К табачному облаку под потолком добавилось еще одно колечко.

— Казалось бы, какая польза от того, что существует какая-то невидимая и неосязаемая субстанция, если само ее существование можно зарегистрировать только особыми приборами, да и то не у всех это получится? Ведь если она всего лишь существует, не оказывая влияния на окружающий нас мир… Вот в этом и ошибка! Сила тяготения тоже существует везде и всюду, не видна и не слышна, не имеет ни вкуса, ни запаха, но любой, кто попытается спрыгнуть с башни — немедленно убедится в том, что она существует, и оказывала несомненное влияние на твое тело, размазанное по мостовой. Точно так же и эфир — существует, пронизывает все, неощутим, но при этом влияет на каждый предмет в мире, от песчинки, которую только что качнул ветерок в пустыне Маут, до обеих лун, вращающихся вокруг нашей планеты. Верно и обратное — как эфир незаметно влияет на предметы, так и каждый предмет в мире влияет на токи эфира, на его течения. Переставь кружку на этом столе — и потоки эфира в комнате изменят свое направление, возможно, при этом одна из струй заденет вон ту дохлую муху в паутине и муха трижды повернется вокруг своей оси. Или дважды. Или вообще ничего не произойдет. Такое малое изменение течений эфира не может привести к сколько-нибудь видимым результатам, как палка, воткнутая в дно реки, не сможет изменить ее ток. Но, если знать что именно и в какое место поместить — река действительно может изменить свое течение от малого воздействия. Определив течения эфира и разместив в нужной точке — или точках — предметы требуемой формы и материала — мы сможем добиться необходимого, видимого результата. Вы знаете, что если на определенный балкон в городе ночью выйдет совершенно обнаженная женщина с рыжими волосами и зелеными глазами — пойдет дождь? Если возле колодца, на расстояние двадцати одного фута, воткнуть в землю четыре высушенных березовых кола, длиной в два фута и толщиной в дюйм — колодец наутро высохнет. Вот на что способна эфиристика — наука о течениях эфира и их перенаправлении. Наука, которую создал, — Реллим сделал драматическую паузу, — я.

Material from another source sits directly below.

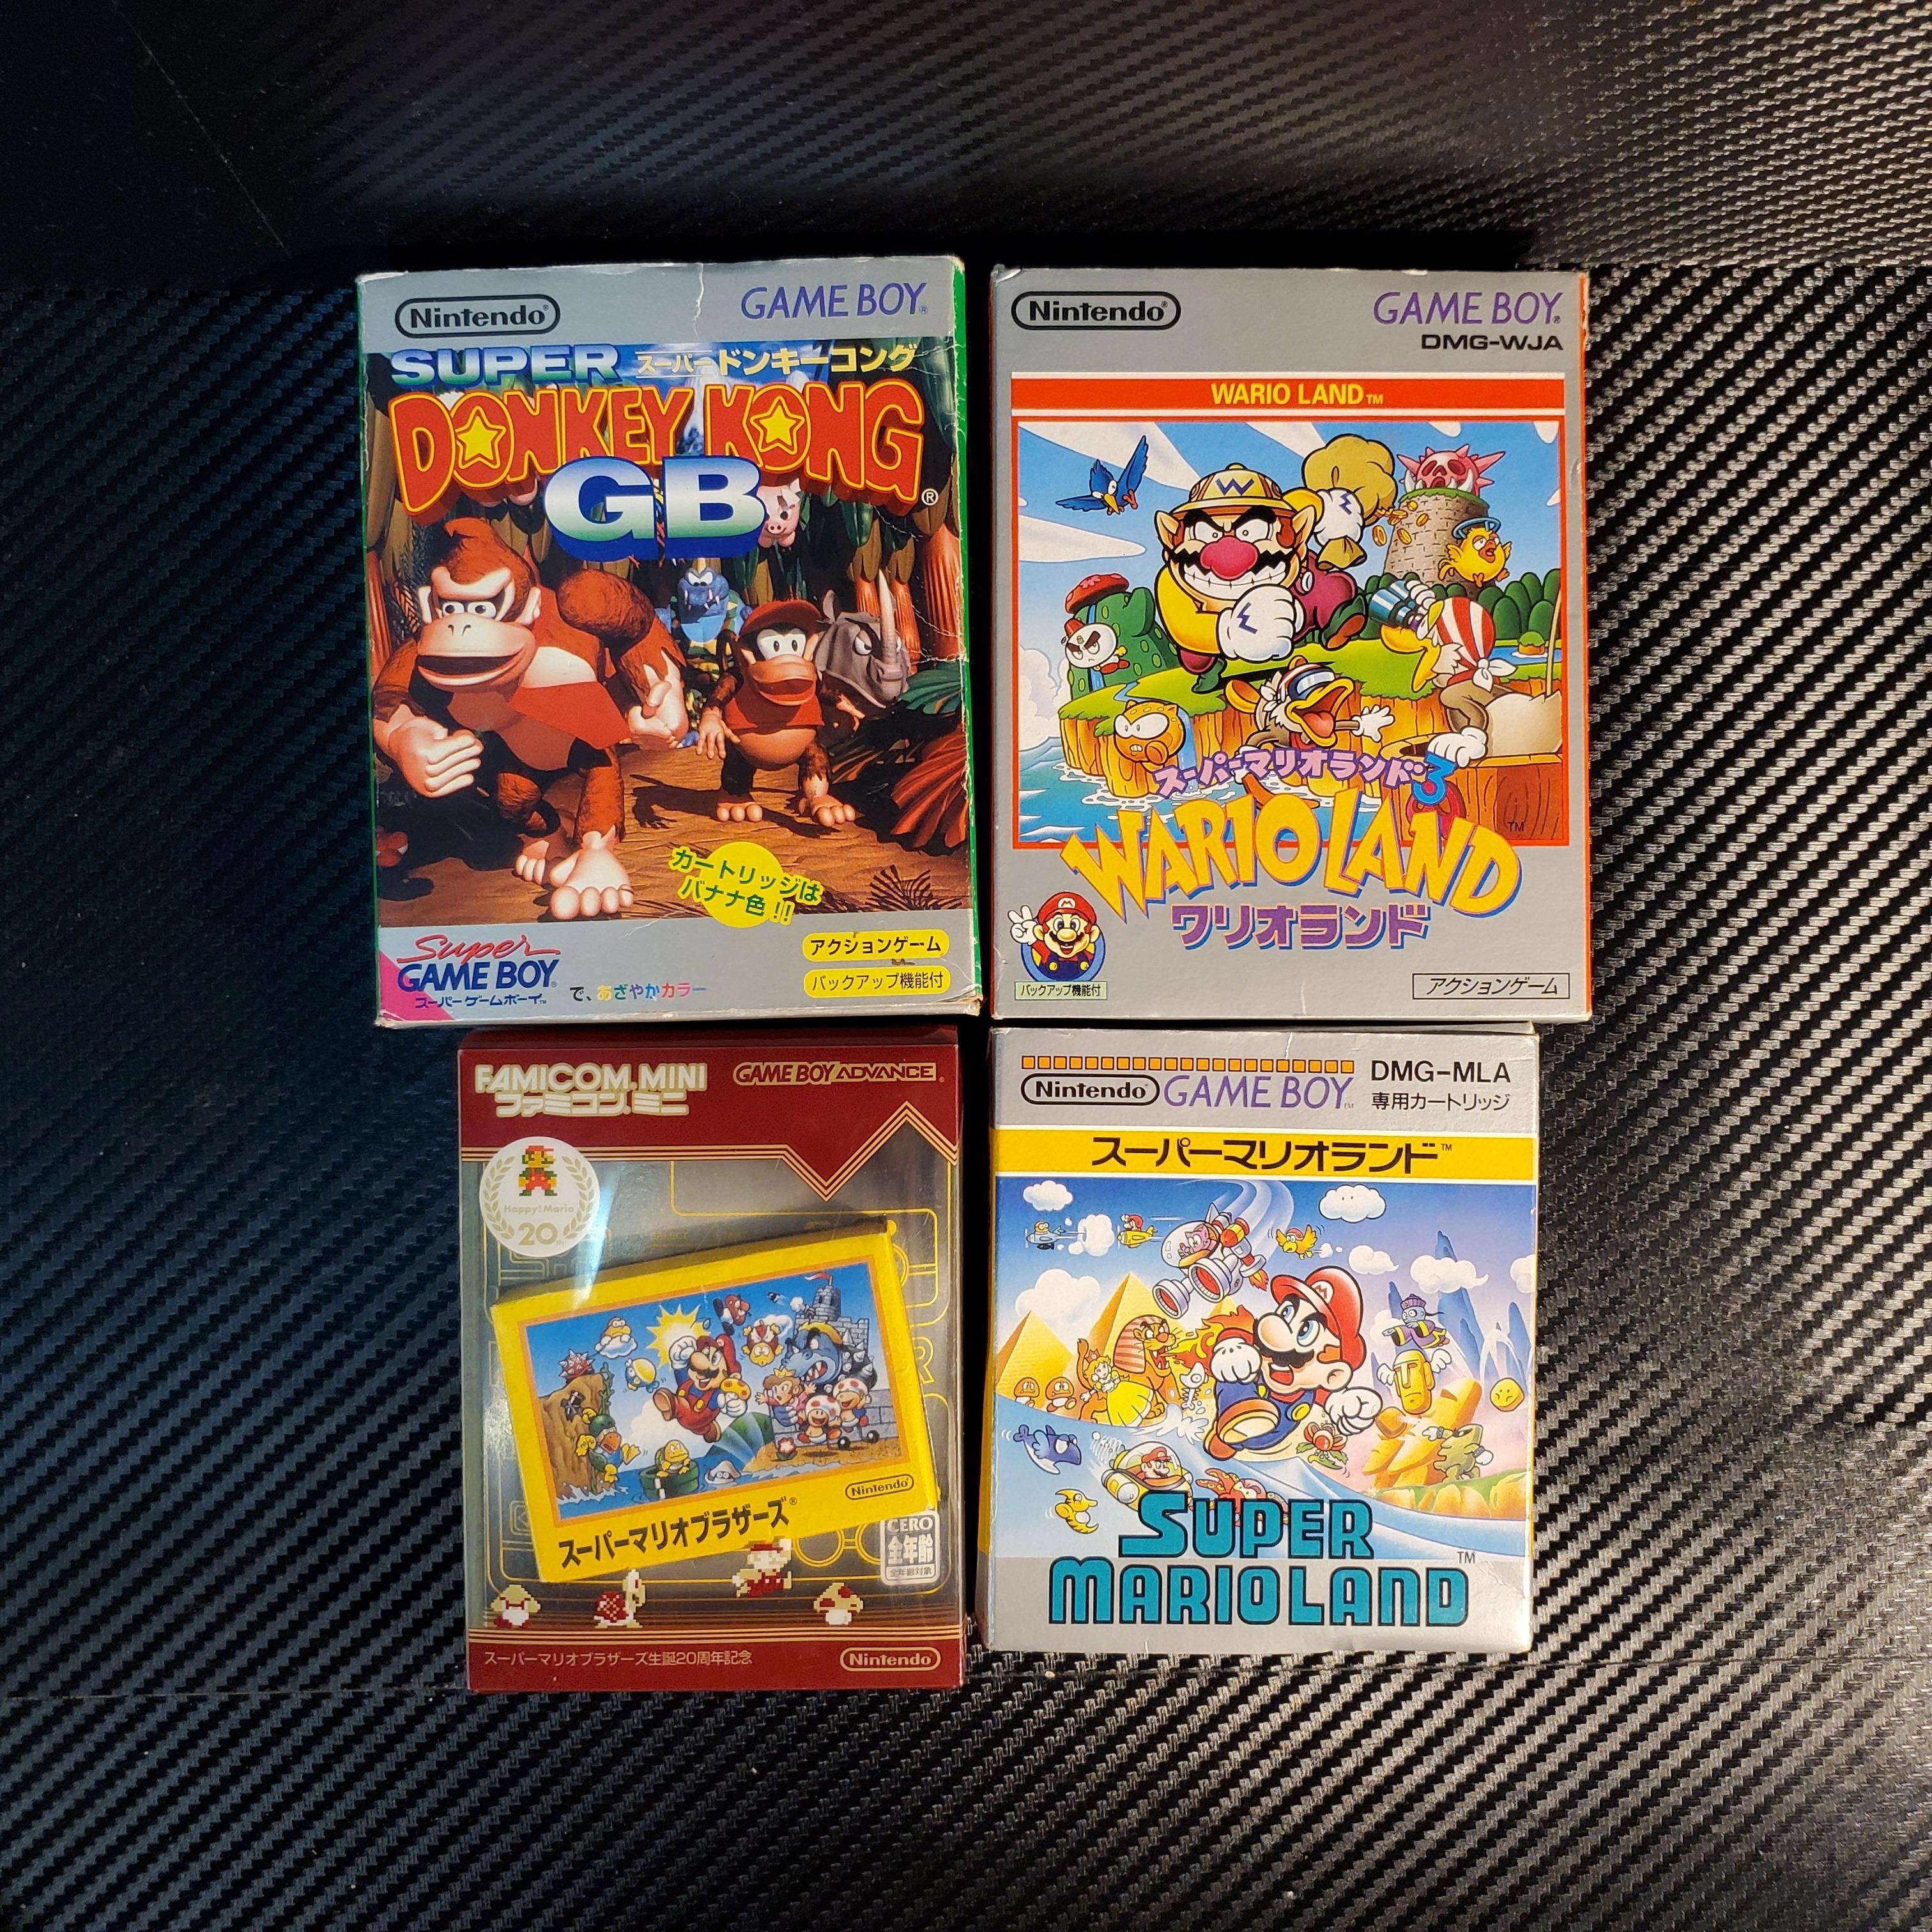 [VDS] Nostalgeek Store — Super Famicom / GBA / GB / Nintendo 64 / GameCube 201005105108434548
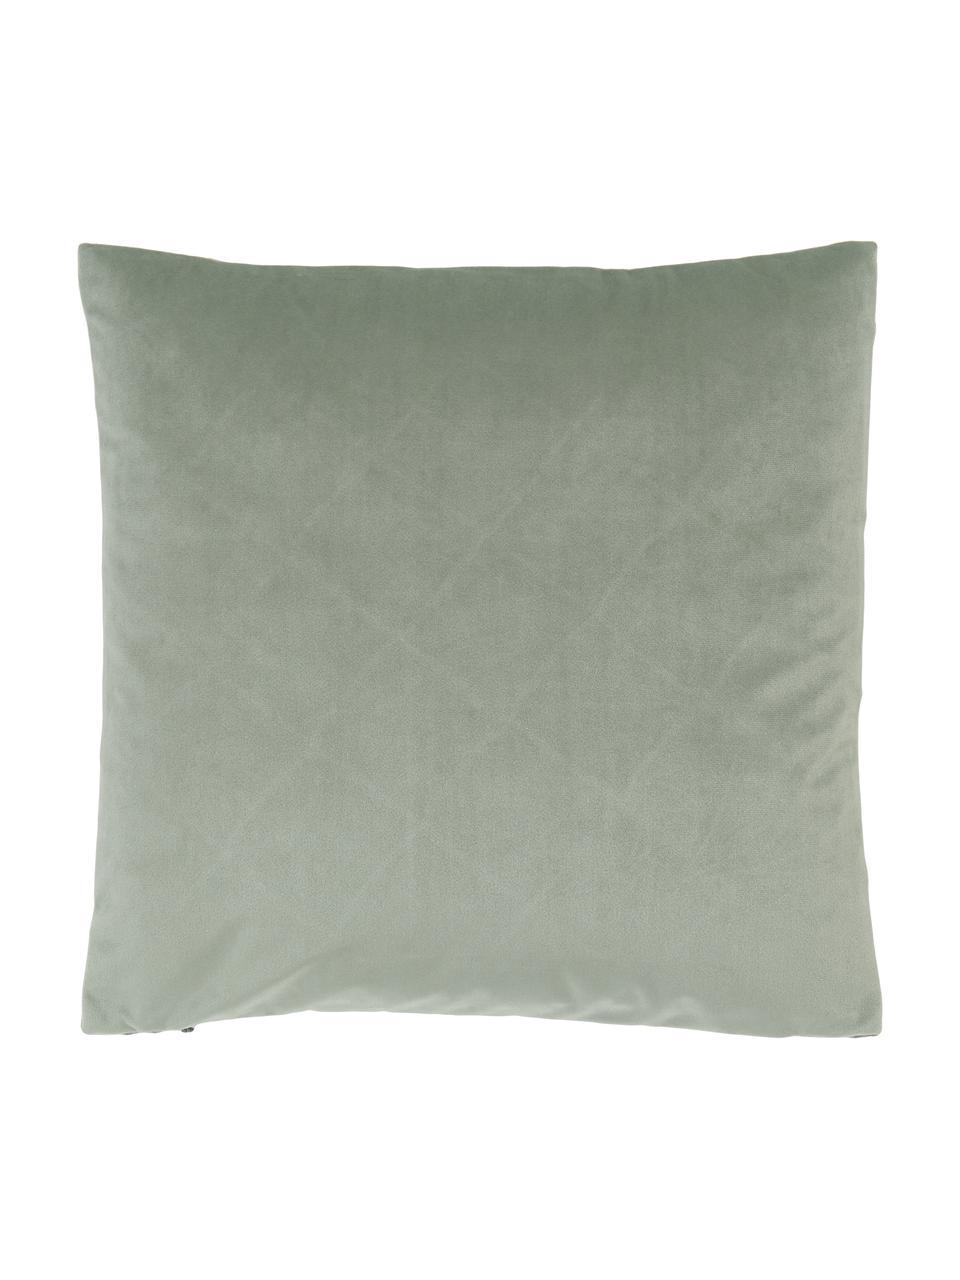 Federa arredo in velluto verde salvia con motivo rombi Luka, Velluto (100% poliestere), Verde, Larg. 40 x Lung. 40 cm

Возможно, он ожидал услышать фанфары или аплодисменты, но в комнате было тихо, разве что всхрапнул давно спящий айн Хербер.

— Когда-то давно, — продолжил доктор, не дождавшись фанфар, — людей, умеющих на интуитивном уровне взаимодействовать с потоками эфира, называли волшебника, колдунами, магами… Точно так же называли людей, которых мы сейчас зовем химиками, физиками, оптиками, механиками… В те дикие времена ученые называли себя колдунами, сейчас же — все наоборот, сейчас наука позволяет добиться того, о чем и не мечтали люди Диких веков. Медицина лечит болезни, еще недавно считающиеся неизлечимыми, подзорные трубы, микроскопы, телескопы позволяют заглянуть туда, куда не падал человеческий взгляд, дифференциальные исчислители считают лучше и быстрее сотни человек, паровозы и пароходы везут грузы, станки заменяют десятки человек… И все это — благодаря науке. Не сомневаюсь, что когда-нибудь и эфиристика войдет в повседневную жизнь… если я смогу достучаться до косных и неподвижных мозгов этой научной камарильи! Если бы я не был доктором, пусть и медицины — эти ослы меня даже слушать бы не стали, как не стали слушать великого Обердеблинга с его доказательствами необходимости антисептики!